Problem to work on → The whole listing below must be printed again exactly, images excluded.

Information supplied →
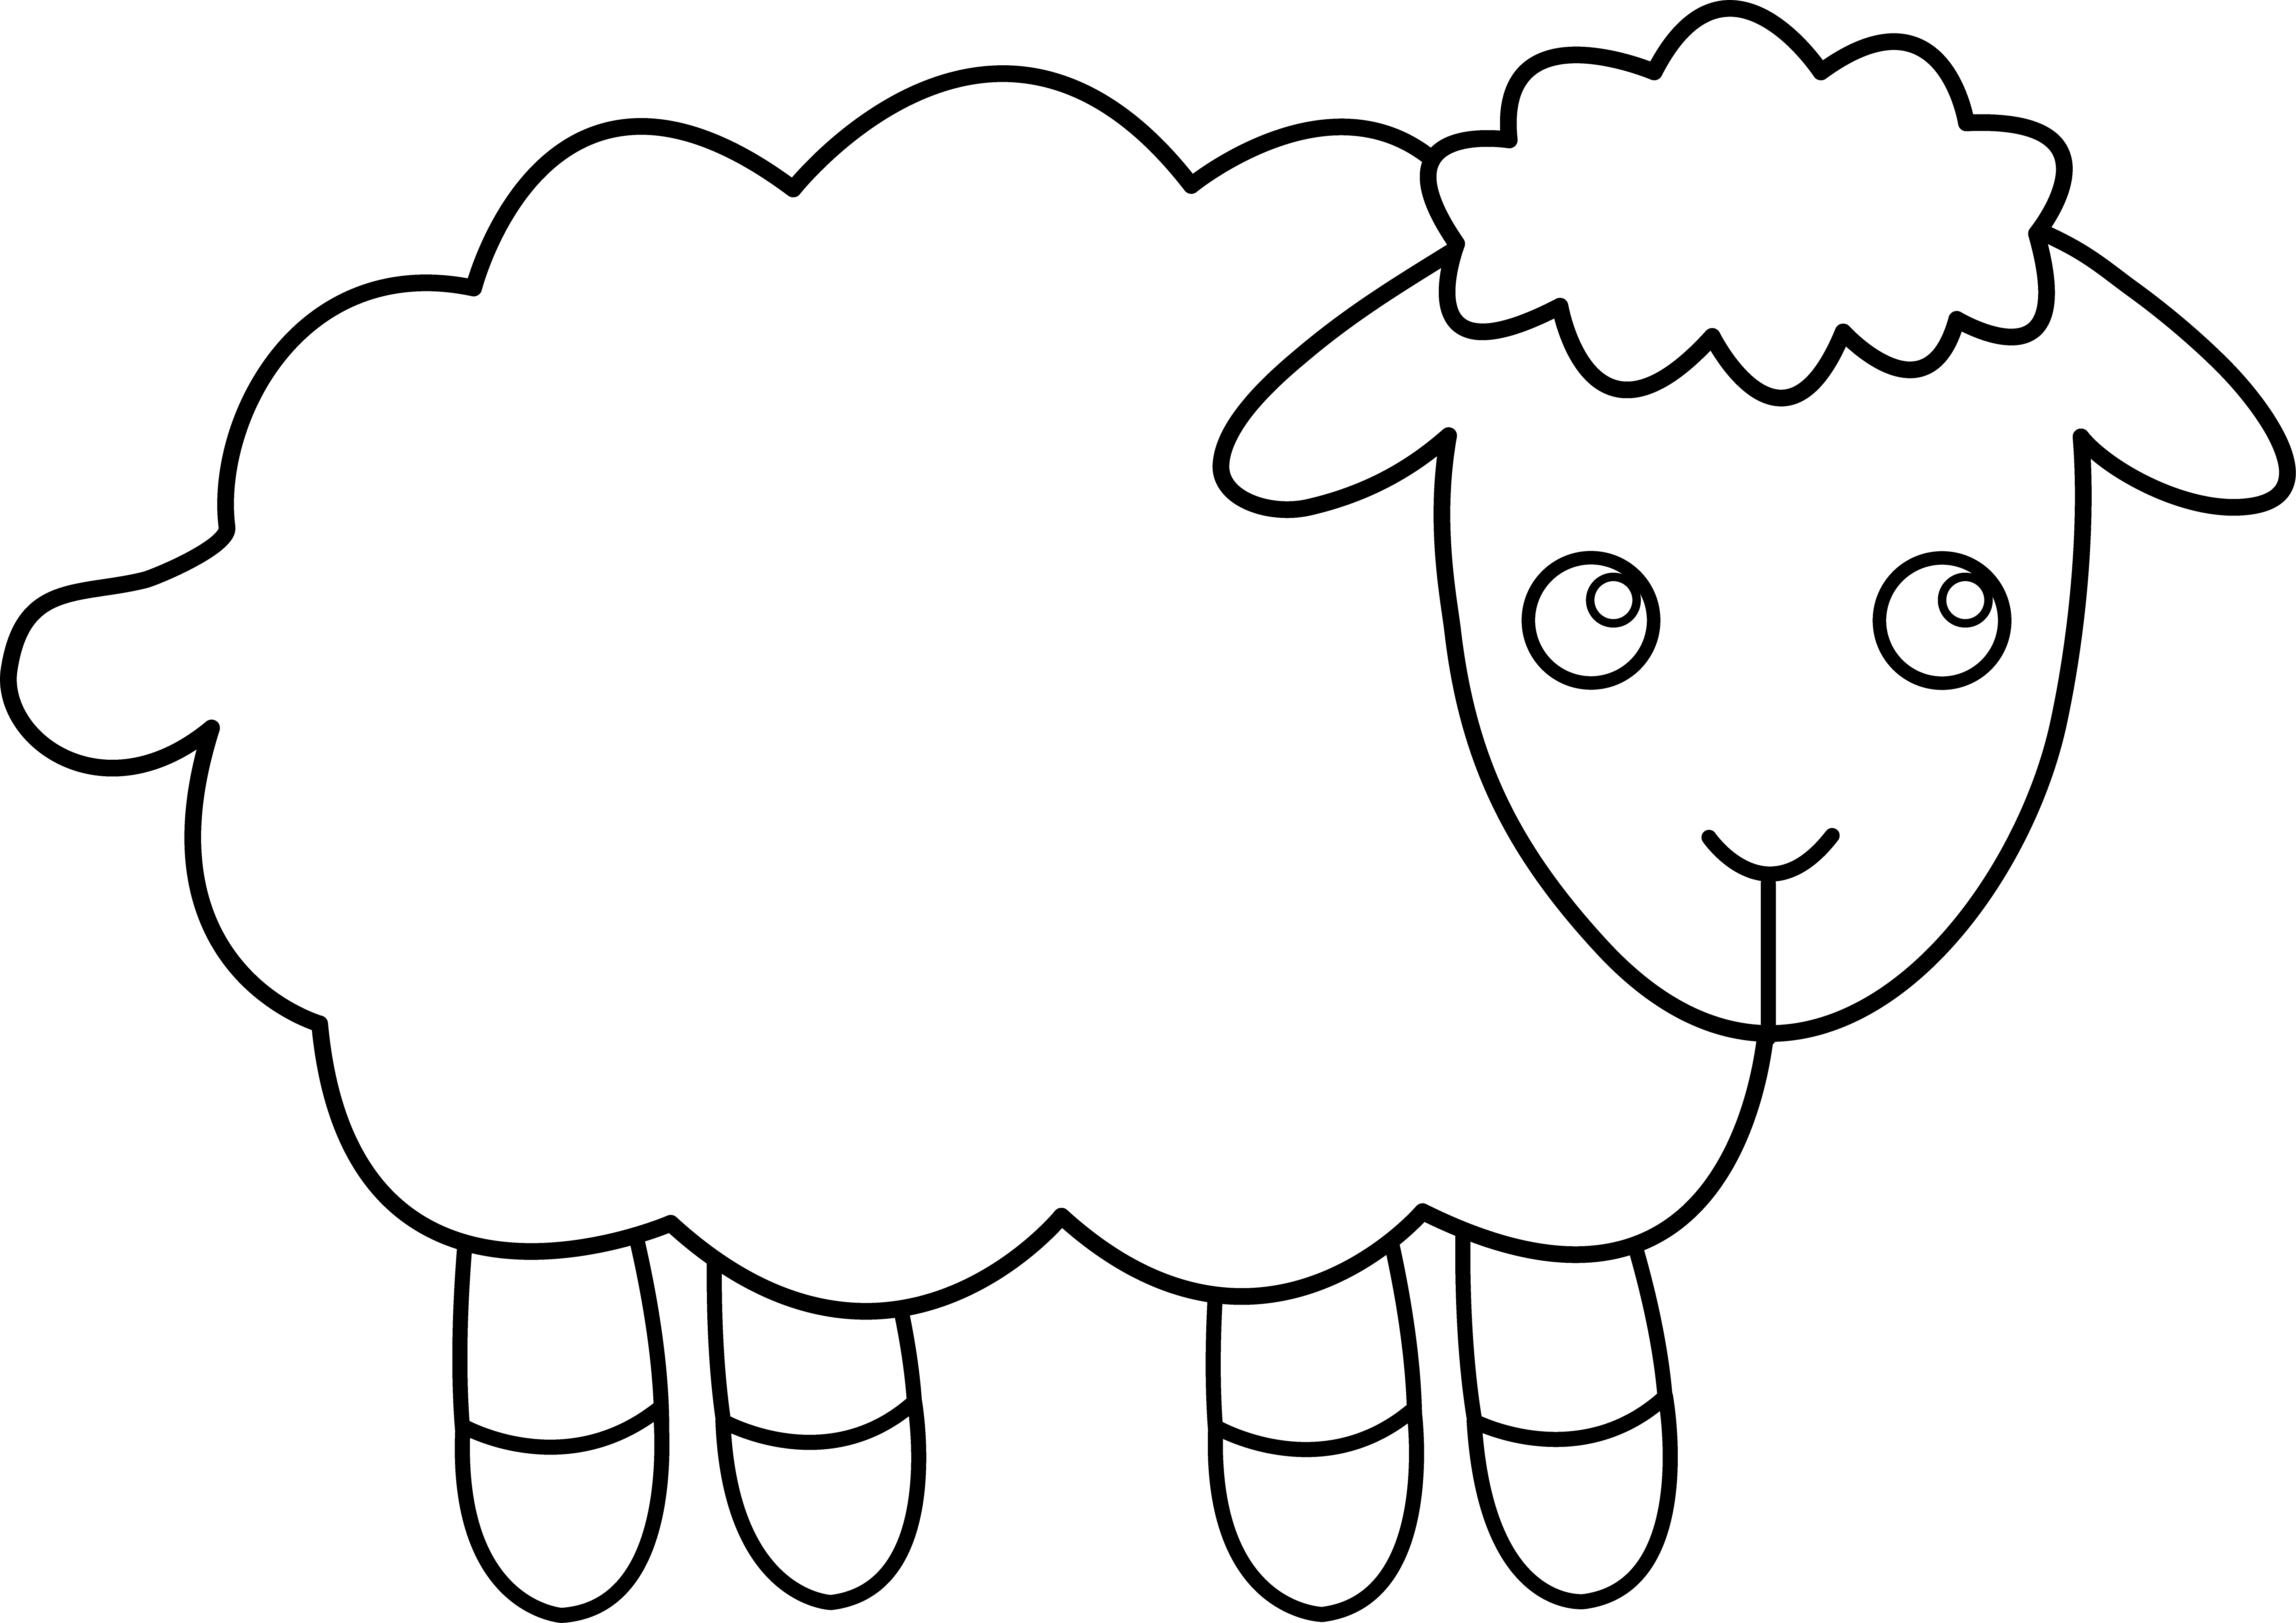 Art Free Clip Art Sheep | Clipart library - Free Clipart Images
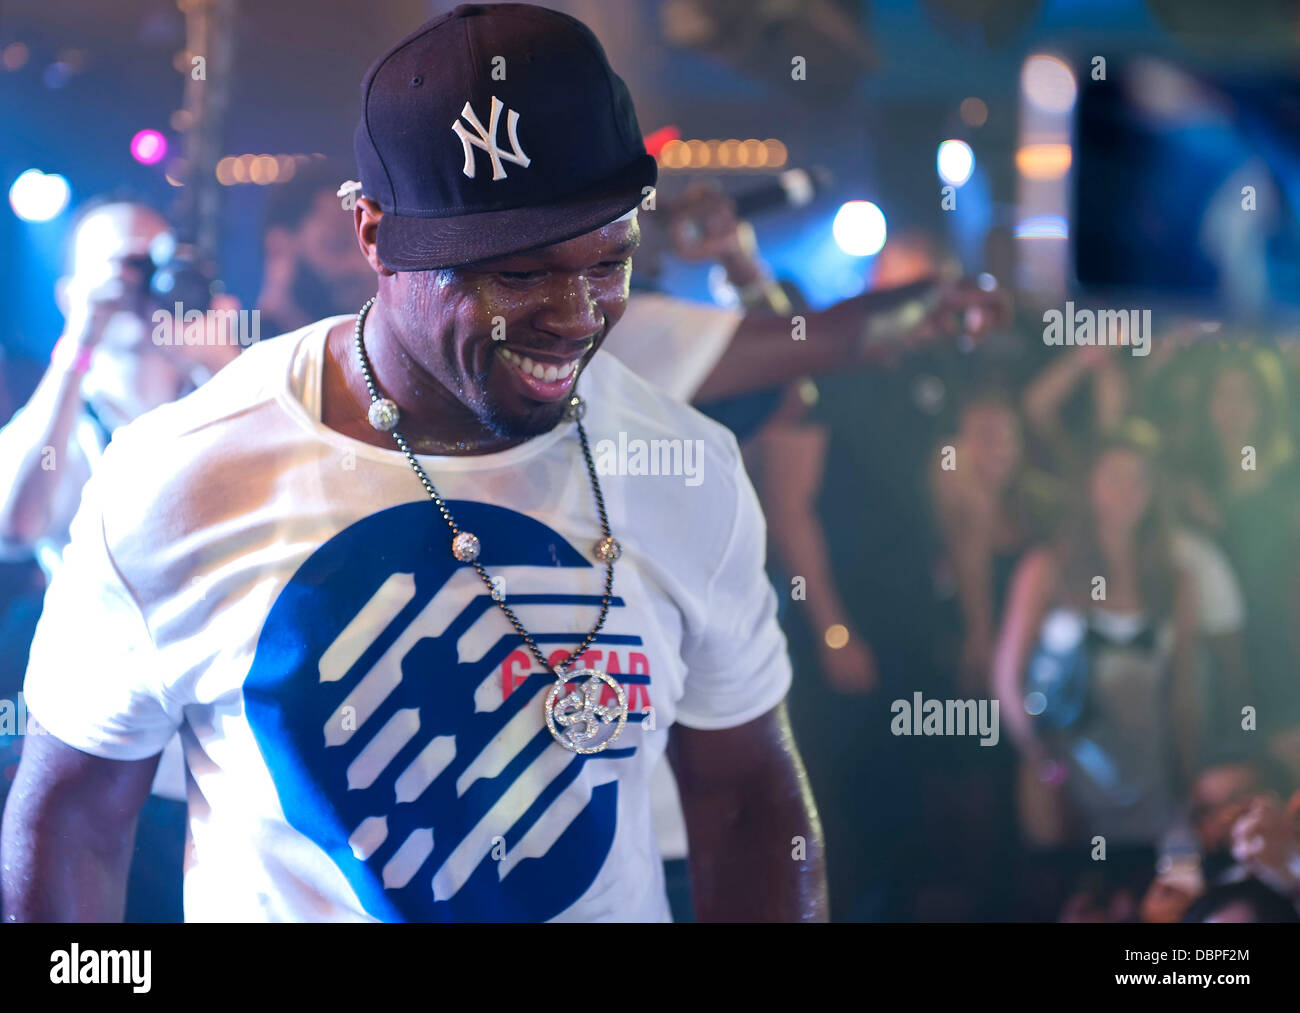 50 Cent, real name Curtis Jackson, performs at Palais Club Cannes Cannes, France - 16.08.11 Stock Photo
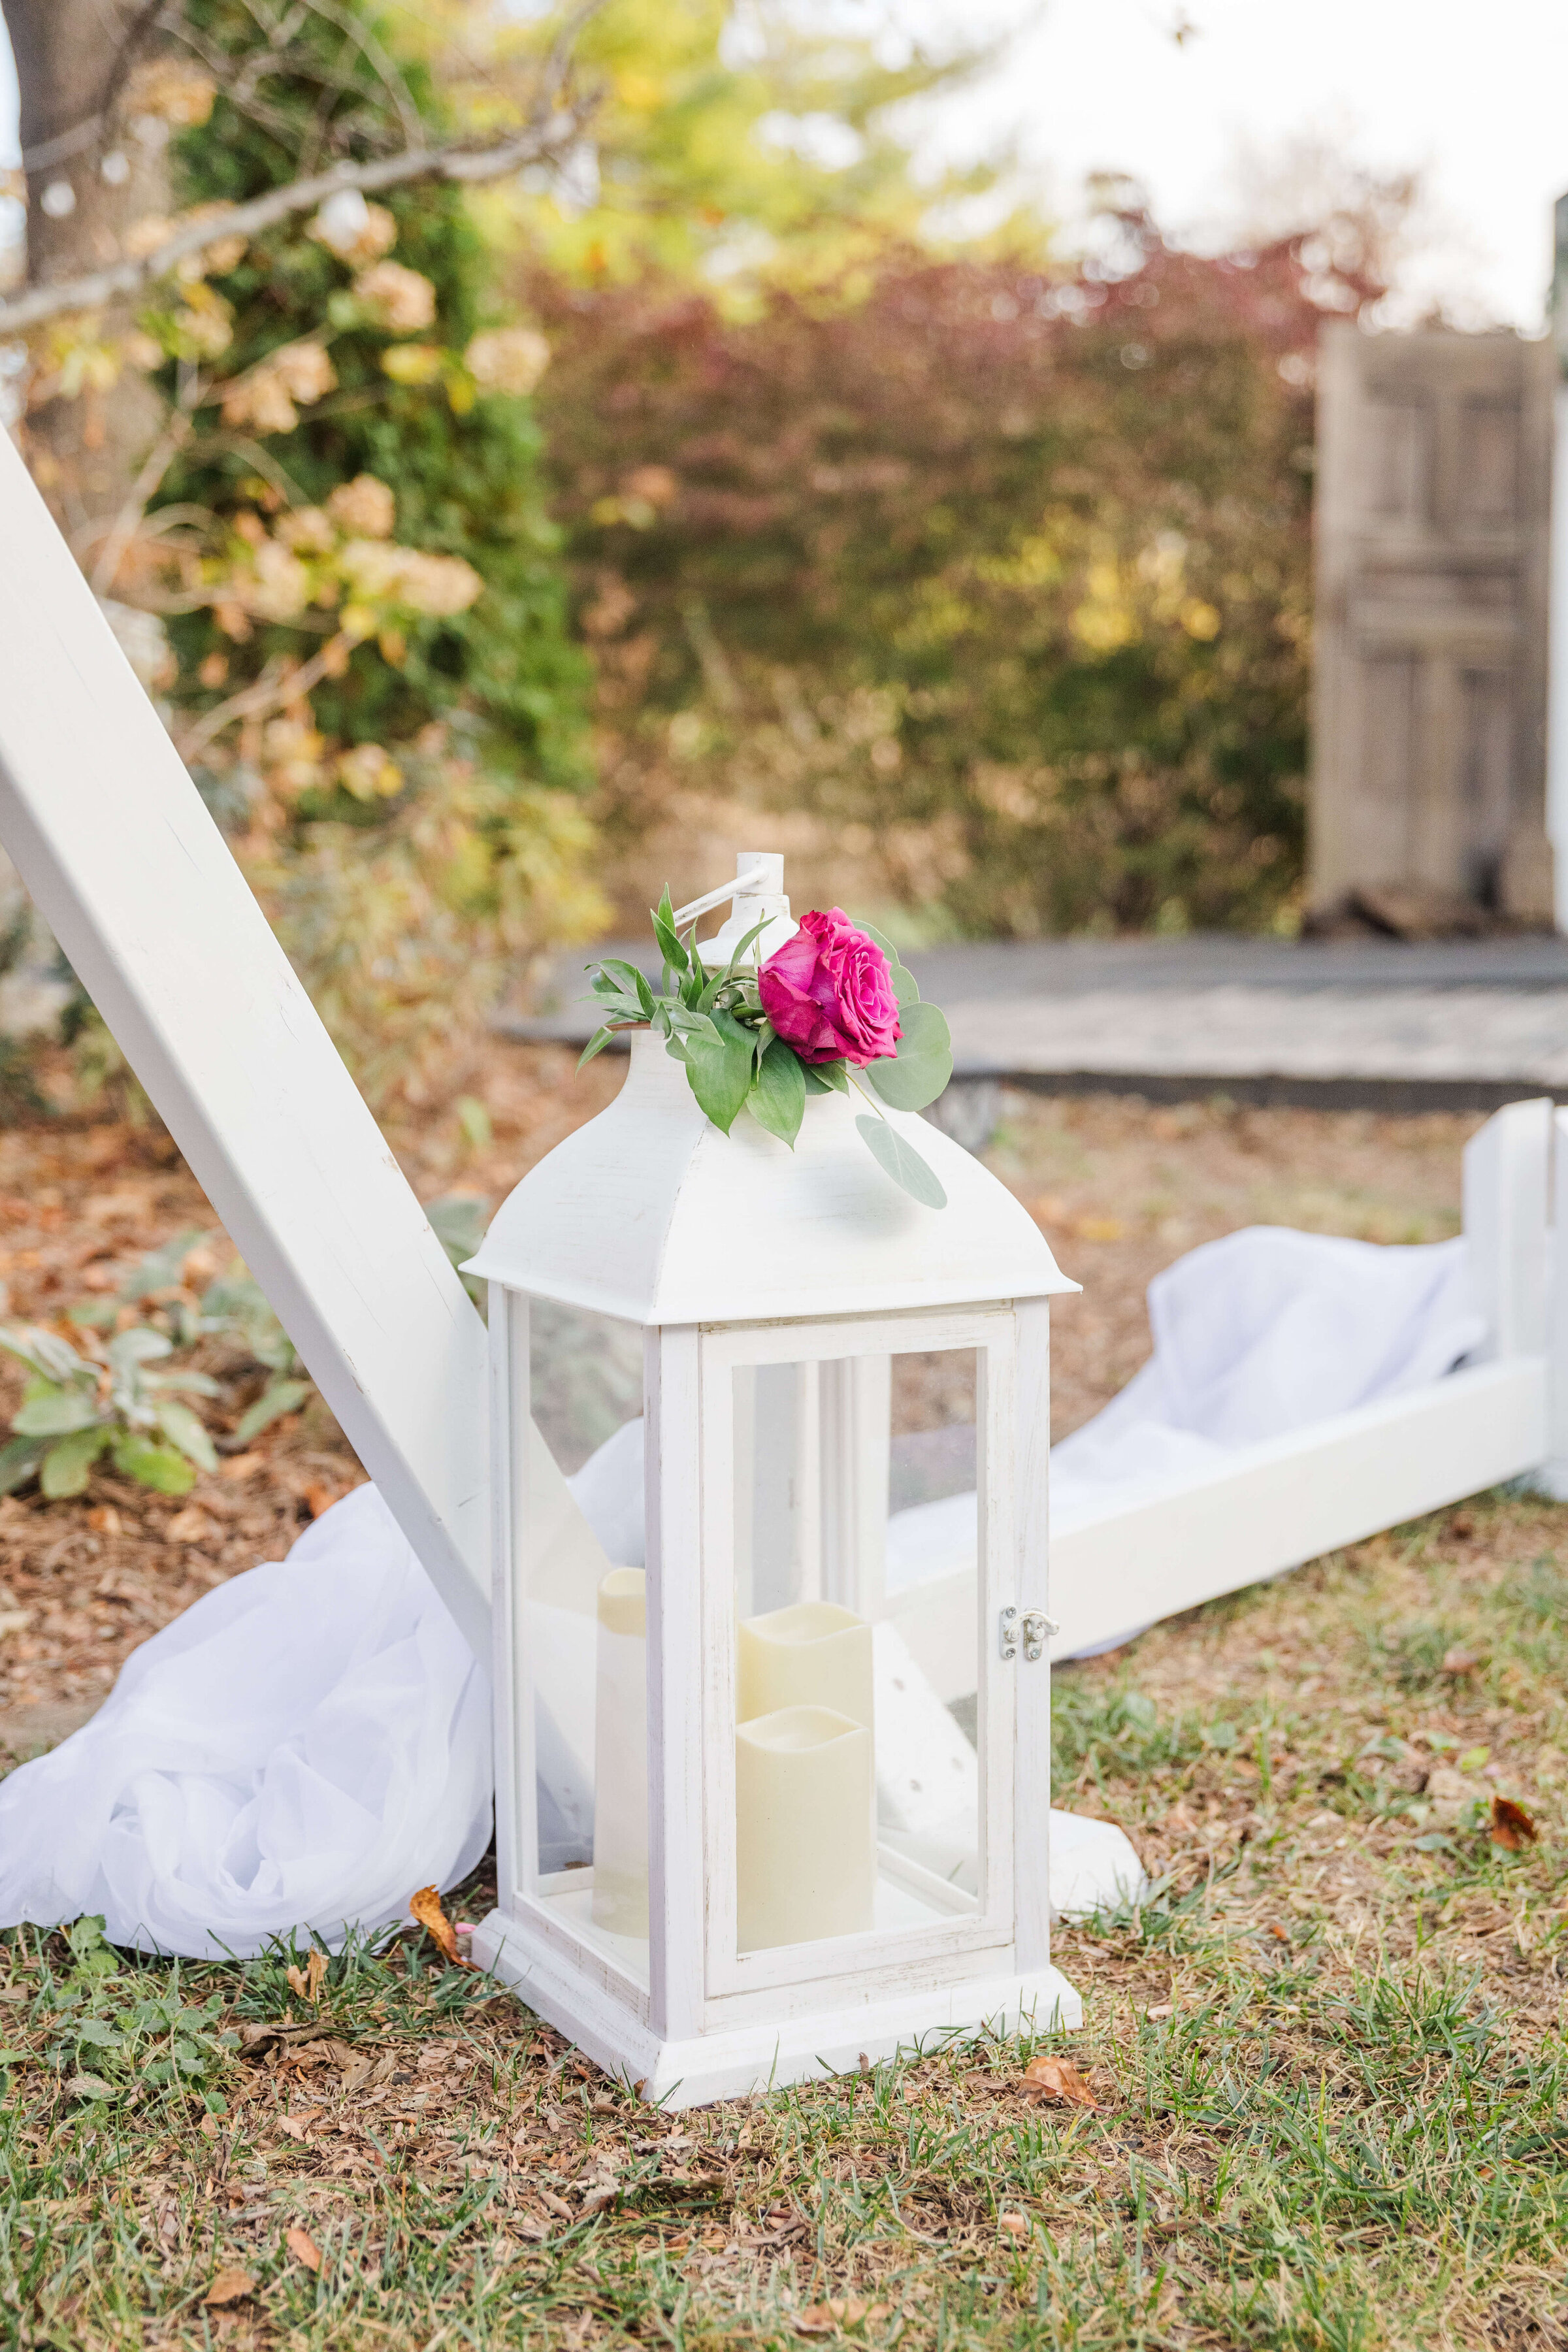 A photo of a white wedding lantern  on the grass by a white arch. The lantern has pink and white roses on top of it

Solution for this exercise →
 Art Free Clip Art Sheep | Clipart library - Free Clipart Images
 50 Cent, real name Curtis Jackson, performs at Palais Club Cannes Cannes, France - 16.08.11 Stock Photo
 A photo of a white wedding lantern  on the grass by a white arch. The lantern has pink and white roses on top of it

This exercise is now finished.